Dhofar has a totally different weather: a dry season and a rainy season. The Monsoon’s tails hit the mountains of Dhofar and the region is then foggy and all green. Followed by the rainy season, all the greenery dries and the leaves of the trees fall. The place has a unique monsoonal climate from July-September, the Khareef, with regular rains cooling the air.

During Jul–Aug, the Salalah Tourism Festival celebrates the rainy season in southern Oman with entertainment and shopping.


Omani breakfast is more often salty (bean, broad beans, eggs, with Omani bread). The national breakfast drink is milk tea. You can also find Indian breakfasts at restaurants: Dal (lentils), Kheema (mince, tomato, and peas)

Lunch is the most important meal for Omanis. It is made of rice that would be cooked in many different ways and never wonder why they are so delicious: Some choices include Mandi, Kabsa, Maqboos, Kabuli, Biryani that usually comes with meat, chicken or fish.

Dinner is usually lighter than lunch which includes meat or vegetables with bread.

Fish is abundant, diverse, and very cheap. Many types of bread are seen in the country: Omani bread, lebnani, tannoor, Chapatis and Barotas.

Typical dishes:

  • Thiridh : meat or fish cooked with water and vegetables mixed with Omani bread
  • Halva : a very typical confectionary usually had with Omani coffee (qahwa)
  • Harees : chicken and wheat
  • Arsia : rice paste and chicken or meat
  • Midlouk : date paste with butter before Omani coffee (Qahwa)
  • Awal : dried shark

Some special Omani dishes:

  • Laham Maqli : Fried meat cooked with garlic and spices
  • Laham Shua : Goat, mutton, or beef meet braised and cooked inside a big hole for long hours
  • Brochettes


The people of Oman are always proud of their rich cultural heritage and swank a strong sense of identity. A tour to Oman provides visitors a rare glimpse into the Arab world. It is quite common for the visitors to be invited into an Omani home.

The national drink of the country is Coffee “Qahwa”, a light cardamom-flavoured coffee. Omanis don’t mind drinking it at any time of the day. They usually serve fruits, then dates or halva before drinking coffee. Despite the number of guests, it is always served in 3 cups and usually each one drinks after the other one.  Note that it is never sweetened. And the Tea is usually served with sugar and milk which is called “Chai”.

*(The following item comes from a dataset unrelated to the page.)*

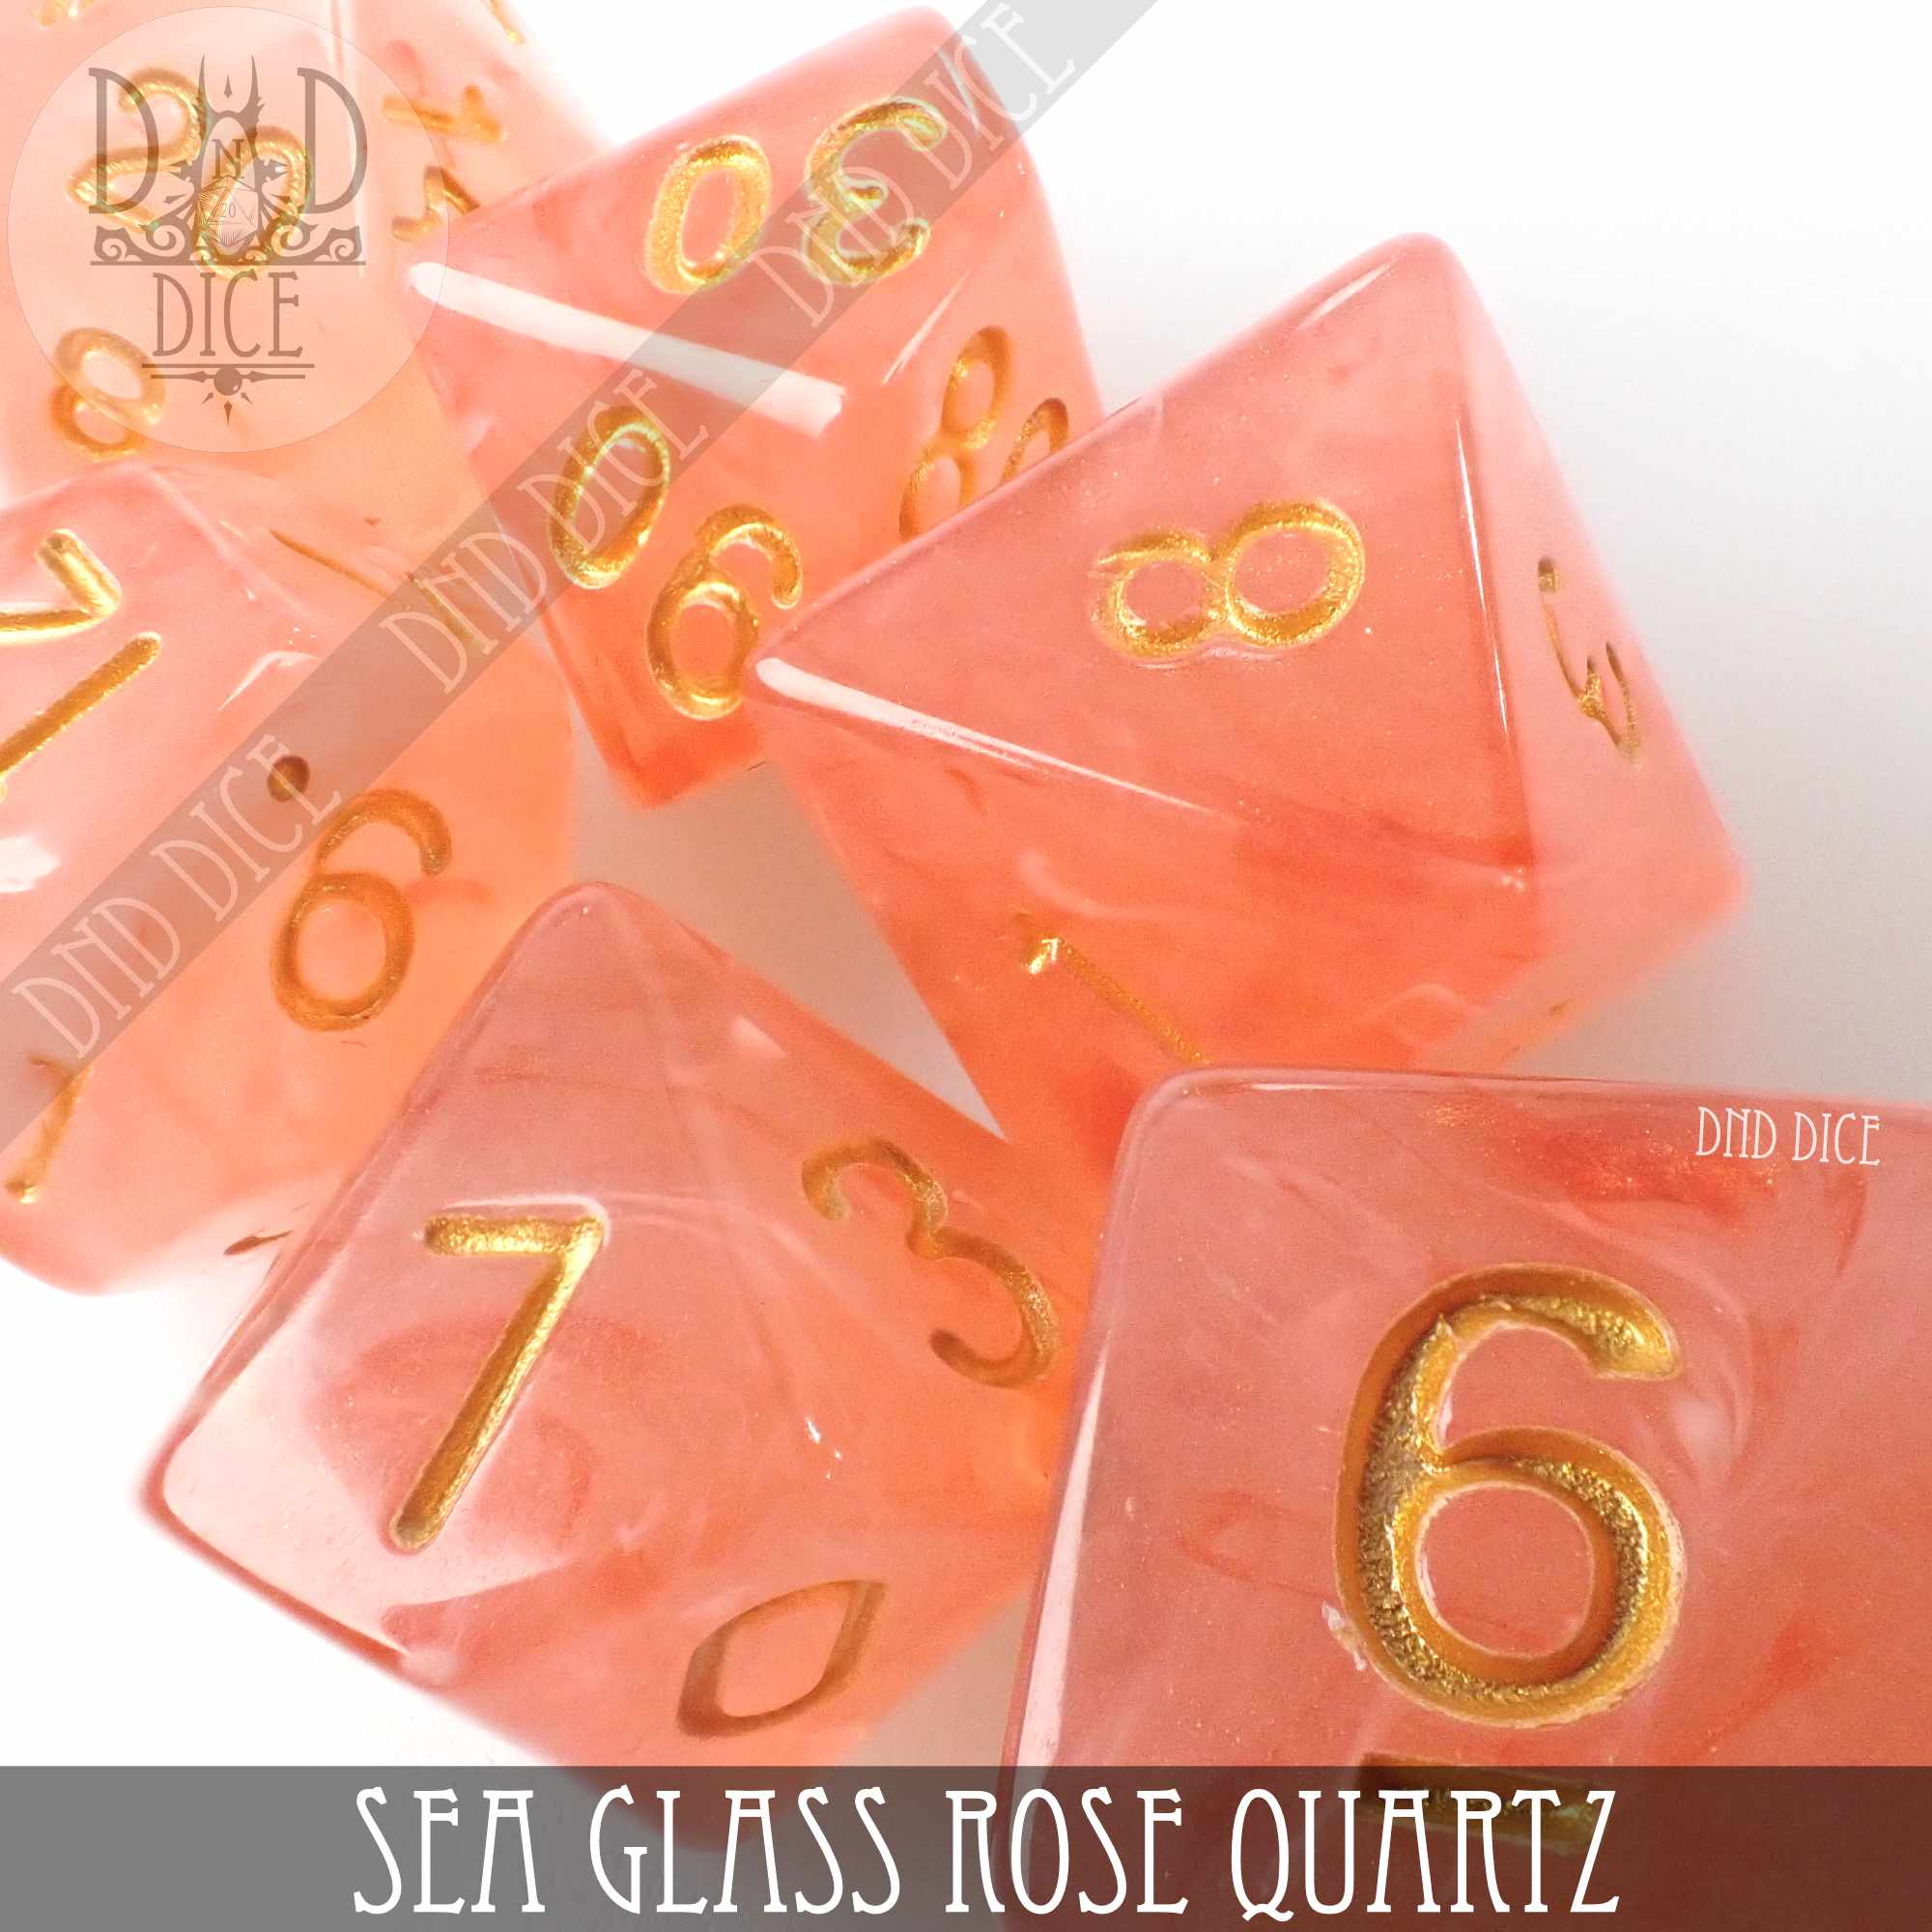 Sea Glass Rose Quartz

Delicious and quite cheap fresh fruit juices are easily found in Oman. As there is no problem with water in Oman, visitors can whole heartedly try them. Alcohol is not freely sold in the country as Oman is an Islamic state. However, the non-Muslim expatriates can ask for licence to buy alcohol in Muscat shops. And guests don’t need to bother consuming alcohol in hotels and bars with licence to serve it. Please note that it is obviously forbidden to drink in public places.